> PROBLEM REQUIREMENTS:
Every entry below must appear again, exactly as written.

> TASK INPUTS:
..............................
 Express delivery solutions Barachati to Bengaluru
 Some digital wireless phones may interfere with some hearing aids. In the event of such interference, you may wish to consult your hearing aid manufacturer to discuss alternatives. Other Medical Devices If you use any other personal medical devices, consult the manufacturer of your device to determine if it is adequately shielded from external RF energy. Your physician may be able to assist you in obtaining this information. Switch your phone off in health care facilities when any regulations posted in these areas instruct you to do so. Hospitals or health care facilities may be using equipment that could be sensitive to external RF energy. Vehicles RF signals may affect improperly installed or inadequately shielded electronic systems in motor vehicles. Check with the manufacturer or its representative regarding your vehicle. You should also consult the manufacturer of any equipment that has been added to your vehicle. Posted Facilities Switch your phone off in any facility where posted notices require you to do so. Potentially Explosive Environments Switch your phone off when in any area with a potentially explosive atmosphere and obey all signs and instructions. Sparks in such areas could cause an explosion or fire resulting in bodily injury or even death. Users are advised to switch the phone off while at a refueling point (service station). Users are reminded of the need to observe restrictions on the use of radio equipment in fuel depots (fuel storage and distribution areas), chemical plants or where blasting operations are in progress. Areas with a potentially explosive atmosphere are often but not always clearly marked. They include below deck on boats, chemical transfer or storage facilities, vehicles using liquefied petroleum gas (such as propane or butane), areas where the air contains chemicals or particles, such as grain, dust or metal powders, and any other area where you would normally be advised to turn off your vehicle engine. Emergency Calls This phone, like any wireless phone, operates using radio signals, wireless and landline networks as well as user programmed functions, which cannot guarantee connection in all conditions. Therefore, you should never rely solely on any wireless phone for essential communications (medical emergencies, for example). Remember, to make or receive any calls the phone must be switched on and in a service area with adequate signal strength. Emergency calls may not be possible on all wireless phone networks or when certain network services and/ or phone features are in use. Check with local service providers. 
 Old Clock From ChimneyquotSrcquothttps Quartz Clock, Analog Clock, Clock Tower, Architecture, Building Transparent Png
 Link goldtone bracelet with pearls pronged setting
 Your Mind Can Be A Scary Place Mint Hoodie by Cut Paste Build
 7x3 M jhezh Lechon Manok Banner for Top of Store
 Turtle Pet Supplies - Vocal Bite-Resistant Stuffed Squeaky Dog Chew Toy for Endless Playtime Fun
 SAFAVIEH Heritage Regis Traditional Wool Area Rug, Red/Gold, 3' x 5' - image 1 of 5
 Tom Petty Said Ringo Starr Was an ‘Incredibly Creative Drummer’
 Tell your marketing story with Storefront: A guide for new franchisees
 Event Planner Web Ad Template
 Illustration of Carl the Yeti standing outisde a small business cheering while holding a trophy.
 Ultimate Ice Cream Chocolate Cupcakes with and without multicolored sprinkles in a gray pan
..............................
> WRITTEN ANSWER:
 Express delivery solutions Barachati to Bengaluru
 Some digital wireless phones may interfere with some hearing aids. In the event of such interference, you may wish to consult your hearing aid manufacturer to discuss alternatives. Other Medical Devices If you use any other personal medical devices, consult the manufacturer of your device to determine if it is adequately shielded from external RF energy. Your physician may be able to assist you in obtaining this information. Switch your phone off in health care facilities when any regulations posted in these areas instruct you to do so. Hospitals or health care facilities may be using equipment that could be sensitive to external RF energy. Vehicles RF signals may affect improperly installed or inadequately shielded electronic systems in motor vehicles. Check with the manufacturer or its representative regarding your vehicle. You should also consult the manufacturer of any equipment that has been added to your vehicle. Posted Facilities Switch your phone off in any facility where posted notices require you to do so. Potentially Explosive Environments Switch your phone off when in any area with a potentially explosive atmosphere and obey all signs and instructions. Sparks in such areas could cause an explosion or fire resulting in bodily injury or even death. Users are advised to switch the phone off while at a refueling point (service station). Users are reminded of the need to observe restrictions on the use of radio equipment in fuel depots (fuel storage and distribution areas), chemical plants or where blasting operations are in progress. Areas with a potentially explosive atmosphere are often but not always clearly marked. They include below deck on boats, chemical transfer or storage facilities, vehicles using liquefied petroleum gas (such as propane or butane), areas where the air contains chemicals or particles, such as grain, dust or metal powders, and any other area where you would normally be advised to turn off your vehicle engine. Emergency Calls This phone, like any wireless phone, operates using radio signals, wireless and landline networks as well as user programmed functions, which cannot guarantee connection in all conditions. Therefore, you should never rely solely on any wireless phone for essential communications (medical emergencies, for example). Remember, to make or receive any calls the phone must be switched on and in a service area with adequate signal strength. Emergency calls may not be possible on all wireless phone networks or when certain network services and/ or phone features are in use. Check with local service providers. 
 Old Clock From ChimneyquotSrcquothttps Quartz Clock, Analog Clock, Clock Tower, Architecture, Building Transparent Png
 Link goldtone bracelet with pearls pronged setting
 Your Mind Can Be A Scary Place Mint Hoodie by Cut Paste Build
 7x3 M jhezh Lechon Manok Banner for Top of Store
 Turtle Pet Supplies - Vocal Bite-Resistant Stuffed Squeaky Dog Chew Toy for Endless Playtime Fun
 SAFAVIEH Heritage Regis Traditional Wool Area Rug, Red/Gold, 3' x 5' - image 1 of 5
 Tom Petty Said Ringo Starr Was an ‘Incredibly Creative Drummer’
 Tell your marketing story with Storefront: A guide for new franchisees
 Event Planner Web Ad Template
 Illustration of Carl the Yeti standing outisde a small business cheering while holding a trophy.
 Ultimate Ice Cream Chocolate Cupcakes with and without multicolored sprinkles in a gray pan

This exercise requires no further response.